= Alejandro Arellano Cedillo =

Roman Catholic archbishop

Alejandro Arellano Cedillo (Olías del Rey, 8 June 1962) is a Spanish Catholic cleric, professor and jurist who has been the Dean of the Roman Rota since March 2021. Studied for priesthood at Instituto Teológico San Ildefonso and subsequently ordained on 25 October 1987 in Toledo, he has obtained a Licentiate and Doctorate in Canon Law from the Pontifical Gregorian University. He was deputy judicial vicar in the Metropolitan Archdiocese of Madrid and judge in the Tribunal of the Rota of the Apostolic Nunciature to Spain. He is a professor of Canon Law and Jurisprudence.

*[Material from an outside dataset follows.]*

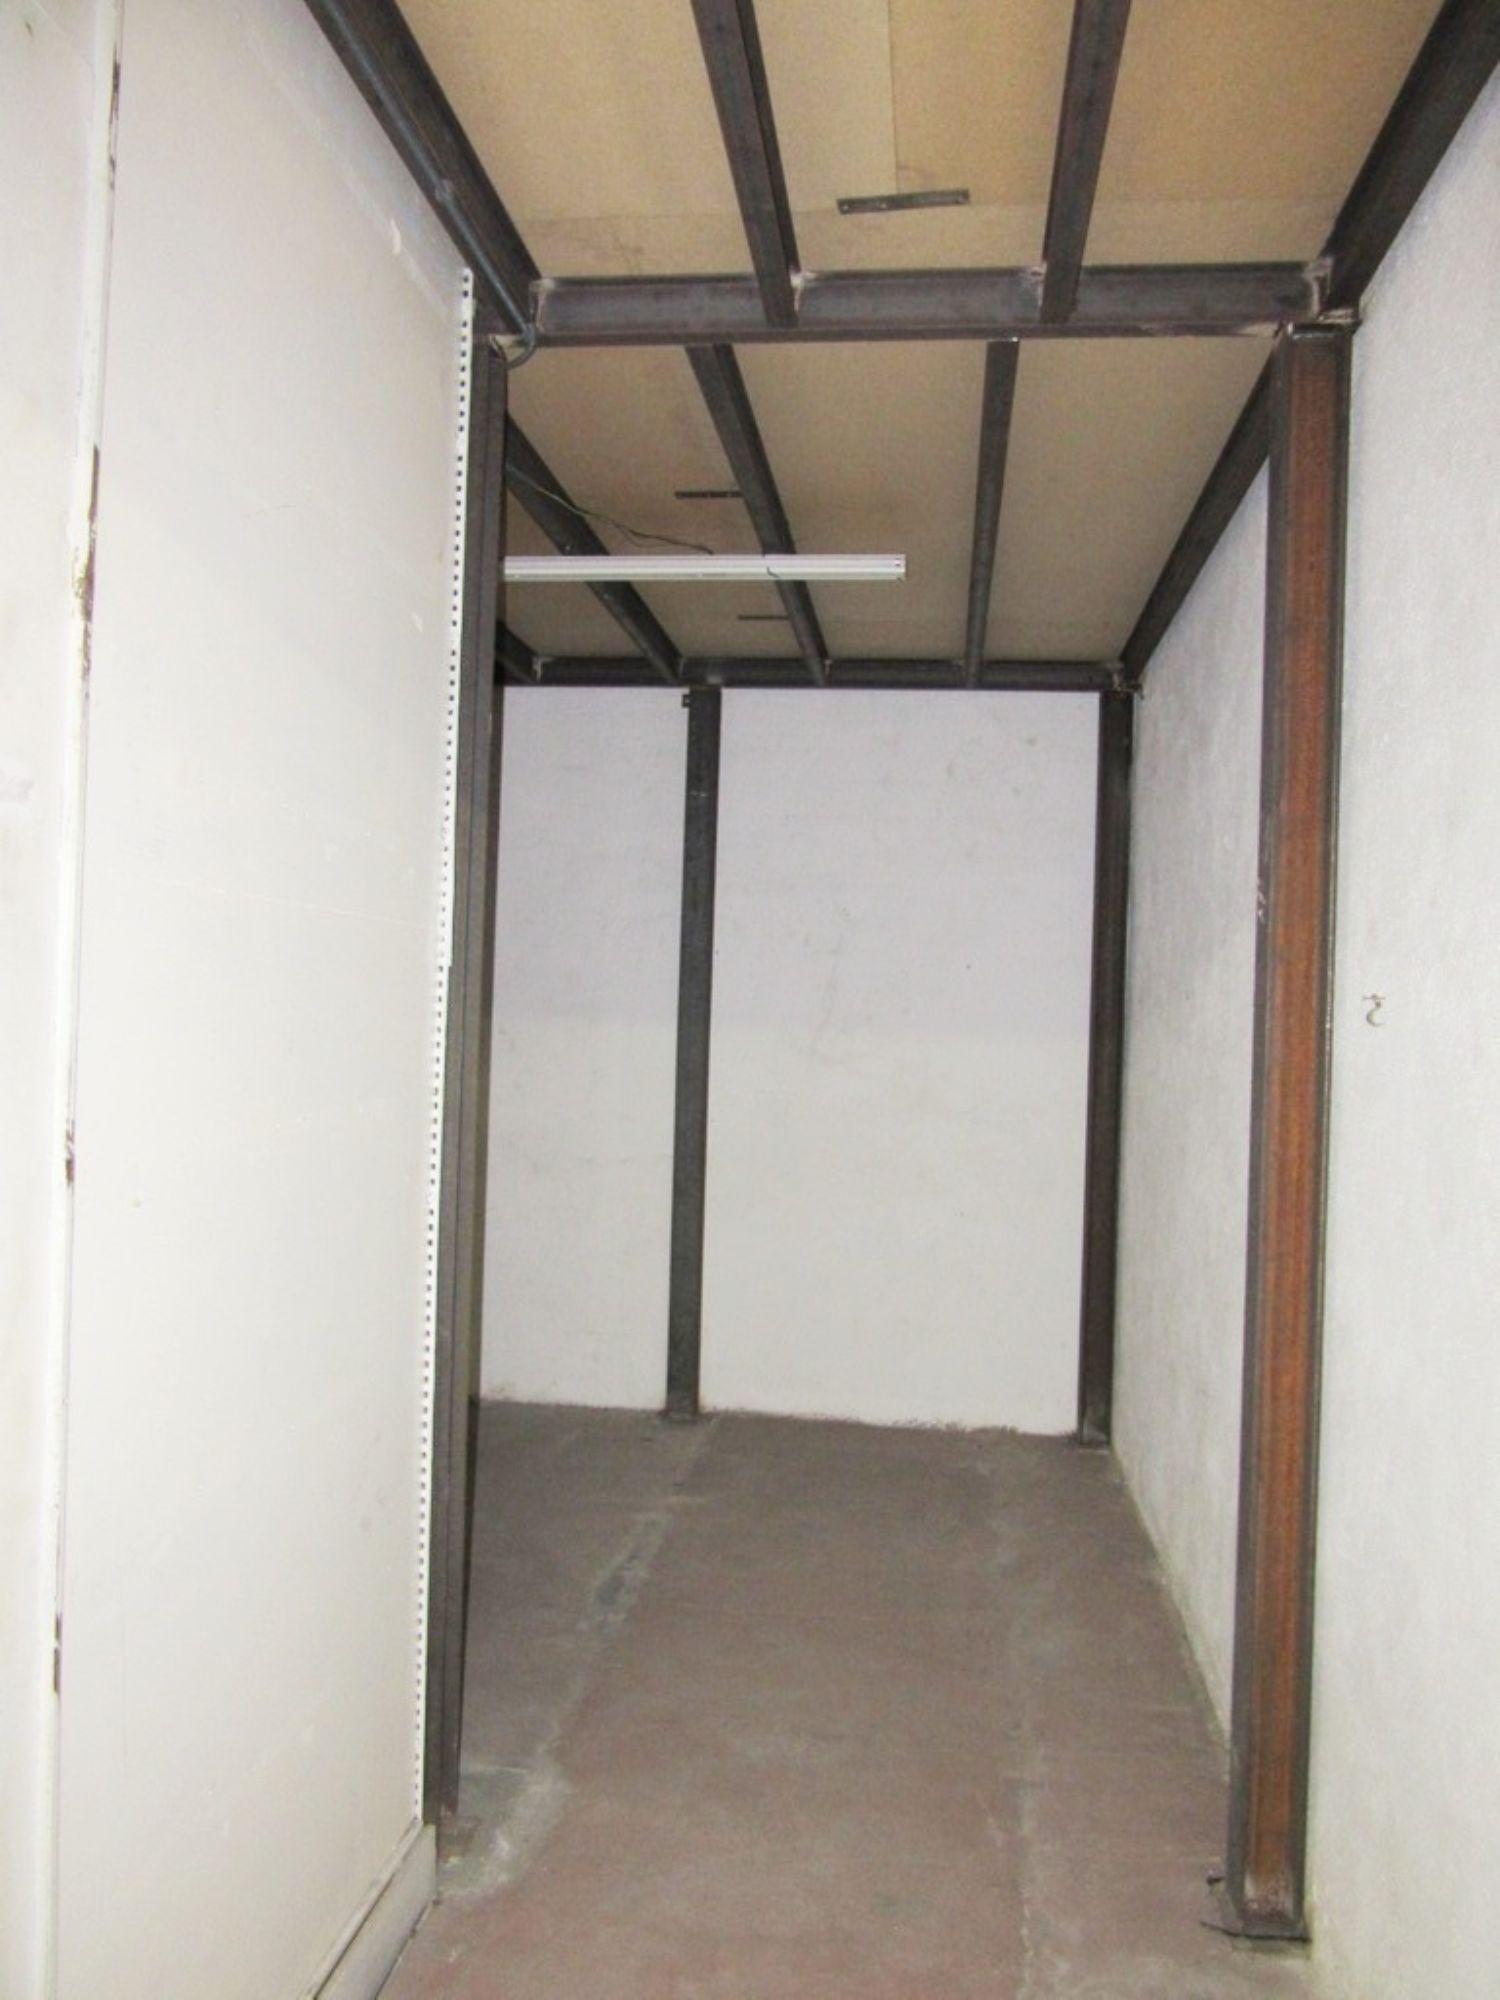 Local comercial en alquiler en Rubí - 359241955

Arellano Cedillo has been prelate auditor of the Roman Rota since 2007. In 2021, Arellano Cedillo was appointed a consulter of the Congregation for the Institutes of Consecrated and the Societies of Apostolic Life. He is a member of Special Commissions for the handling of causes of dispensation from ratified and unconsummated marriage and for the handling of causes of dispensation from the obligations of the diaconate and the priesthood. Arellano Cedillo was appointed the titular bishop of Bisuldino, with the personal title of Archbishop, on 2 February 2023.